Validation Engineer

Job Title: Validation Engineer

Location: Indiana (Onsite)

Job Type: Contract

Experience Required: 4–6 Years

Industry: Pharmaceutical Manufacturing

Position Summary

We are seeking a motivated Validation Engineer with 4–6 years of pharmaceutical industry experience to support validation activities within a GMP-regulated manufacturing environment. The successful candidate will be responsible for the planning, execution, and documentation of validation projects, ensuring compliance with FDA regulations, cGMP requirements, and internal quality standards.

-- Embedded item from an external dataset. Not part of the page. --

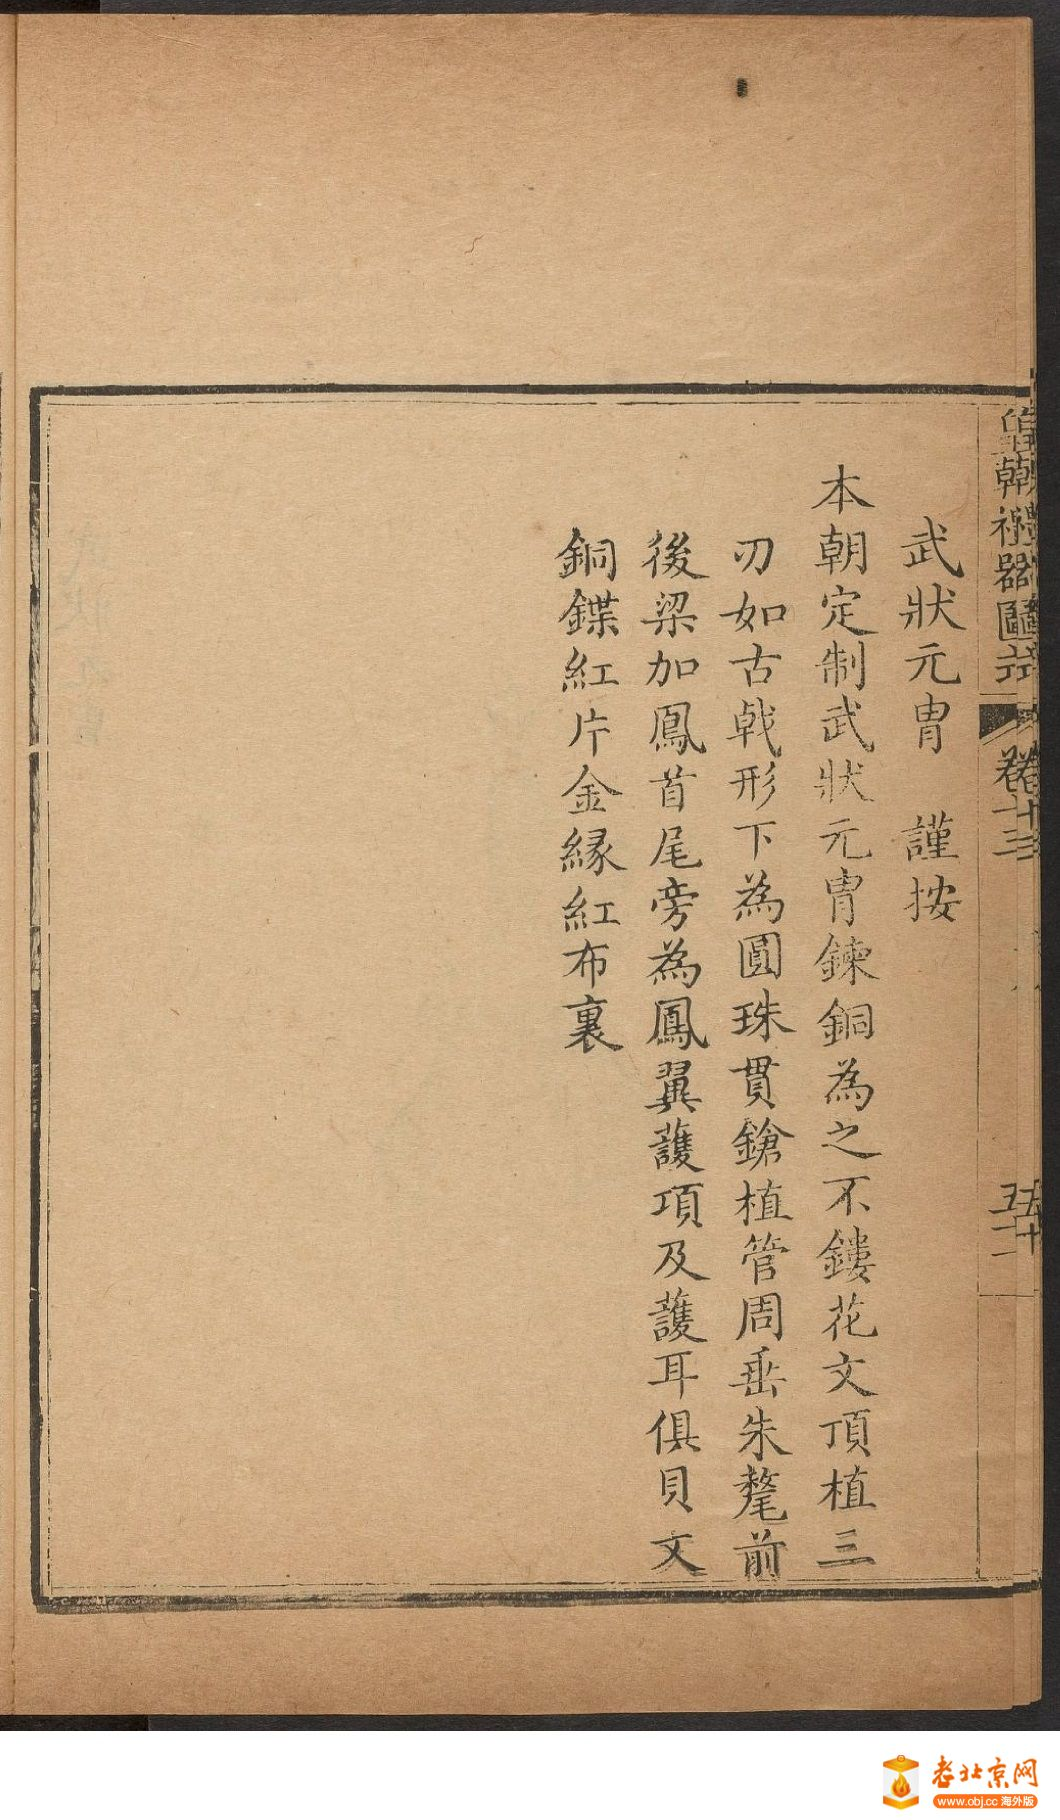 6_page2_image1b.jpg

This role requires strong technical expertise in equipment, utility, process, and cleaning validation, along with the ability to work collaboratively across Engineering, Manufacturing, Quality Assurance, and Regulatory teams.

Key Responsibilities

• Develop, execute, and review validation protocols and reports, including:
• Installation Qualification (IQ)
• Operational Qualification (OQ)
• Performance Qualification (PQ)
• Support validation activities for manufacturing equipment, process systems, utilities, and facilities.
• Perform risk assessments and validation impact assessments for new equipment, process changes, and engineering projects.
• Execute commissioning and qualification activities for pharmaceutical manufacturing systems.
• Support cleaning validation studies, sampling activities, and data analysis.
• Review engineering documentation, P&IDs, specifications, and vendor documentation to ensure validation requirements are met.
• Investigate validation deviations, discrepancies, and non-conformances and assist in implementing corrective and preventive actions (CAPAs).
• Ensure validation documentation complies with FDA, cGMP, ICH, and company quality standards.
• Collaborate with Quality Assurance, Manufacturing, Facilities, and Engineering teams to support project timelines and regulatory compliance.
• Participate in audits and inspections by regulatory agencies and internal quality groups.
• Maintain validation lifecycle documentation and support continuous process improvement initiatives.

Required Qualifications

• Bachelor’s degree in Engineering, Life Sciences, Biotechnology, Pharmaceutical Sciences, or a related technical field.
• 4–6 years of validation experience within the pharmaceutical, biotechnology, or life sciences industry.
• Hands-on experience with equipment qualification and validation activities in a GMP-regulated environment.
• Strong knowledge of FDA regulations, cGMP requirements, and validation principles.
• Experience authoring and executing IQ/OQ/PQ protocols and validation reports.
• Familiarity with deviation investigations, CAPA processes, and change control systems.
• Strong technical writing and documentation skills.
• Excellent communication and cross-functional collaboration abilities.

Preferred Qualifications

• Experience with process validation, cleaning validation, or utility qualification.
• Knowledge of ASTM, ISPE, GAMP 5, and risk-based validation methodologies.
• Experience supporting sterile, oral solid dosage, biologics, or API manufacturing environments.
• Familiarity with electronic quality systems such as TrackWise, Veeva, MasterControl, or similar platforms.
• Previous involvement in commissioning and qualification (C&Q) projects.